Hippias represented his hometown of Elis on official missions. He became wealthy traveling to various Greek cities, including Athens, and lecturing on all sorts of topics including at the Olympic festivals (which were held in his hometown). He would encourage the audience to ask him any question and he would answer it. He also had a great memory and could remember 50 names after only hearing them once, and taught mnemonics as a part of his curriculum.

His knowledge was so broad, he is said to have written in every literary form known at the time including pic poetry, tragedy, dithyrambs and orations (speeches). He is also said to have made everything he wore. He is also credited with the discovery of the quadratix, a curve that allows an angle to be divided in three parts, which was used in attempts to “square the circle” (i.e. create a square with the same area as a given circle). He also started the doxographical tradition (recording what others said or did) by writing down the names of the victors at the Olympic games, which gave the Greeks a way of dating events.
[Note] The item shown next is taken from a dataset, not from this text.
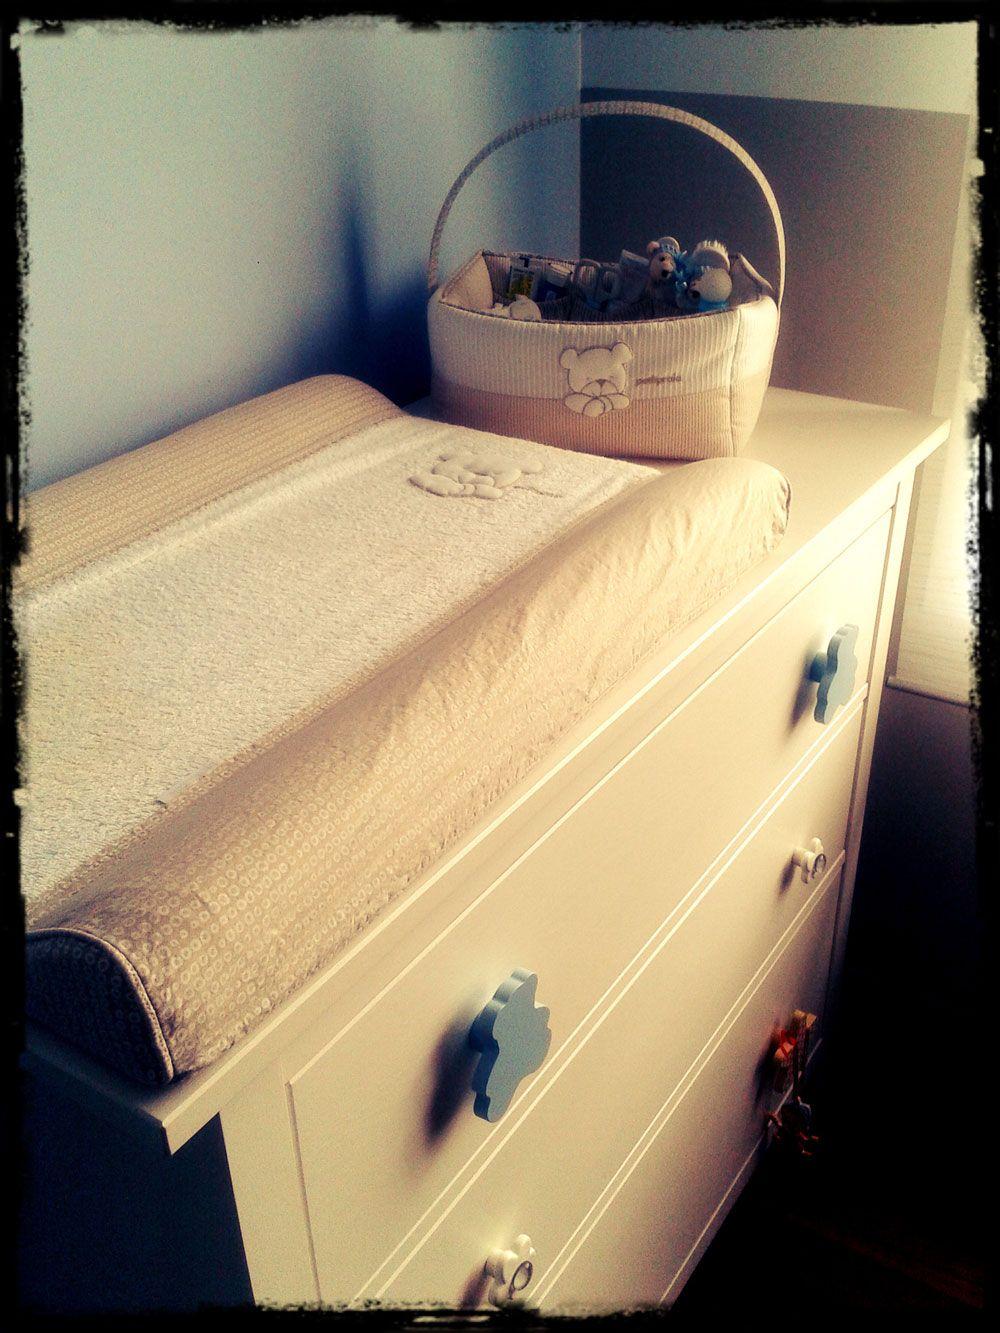 Transforma una c moda de ikea en un coqueto cambiador de beb diy m s fotos en el siguiente - Cambiador de bb ...
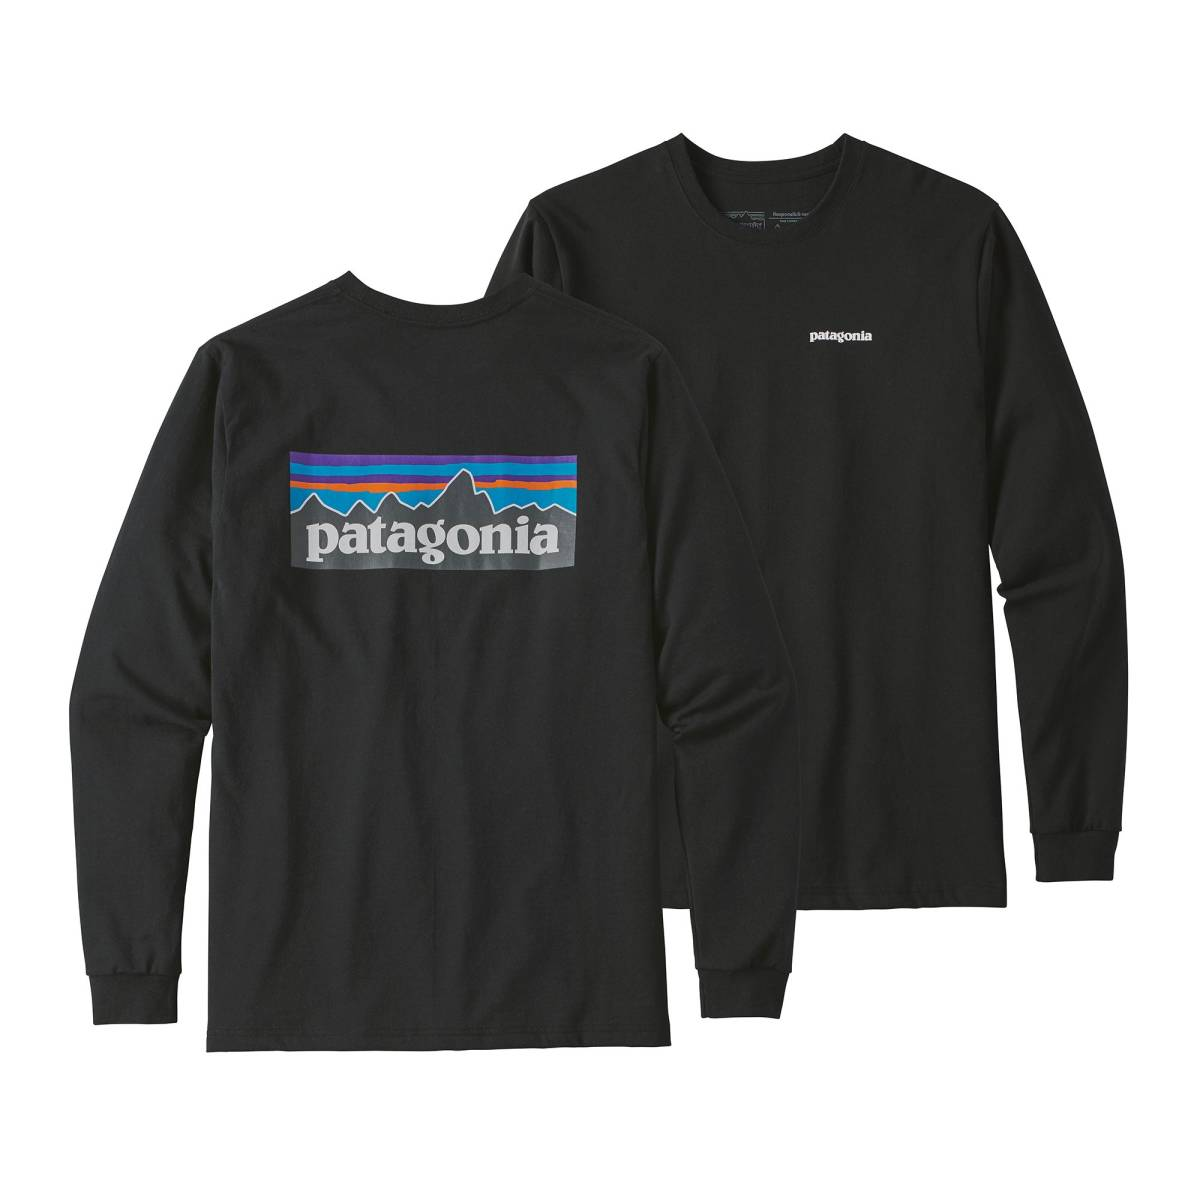 Patagonia Men's L/S P-6 Logo Responsibili-Tee パタゴニア メンズ ロングスリーブ P-6ロゴ レスポンシビリティー 39161 長袖 黒 Lサイズ

Hippias also stressed the difference between human laws and conventions (nomos) and the laws of nature (physis). Like Antiphon, he believed that human laws do an injustice to nature, for example, the despotic (tyrannical) government in Sparta. Unlike the different laws that humans come up with, he saw physis as uniting all people. In this way, he saw physis as a way of creating a morality that applies to all people, in contrast to the particular conventions of this or that city (polis). He believed that the good and wise people throughout Greece should see themselves as citizens of the same state (pan-Hellenism), a principle which would influence Roman law. In this way, Hippias moved beyond the specifics in order to grasp a larger picture.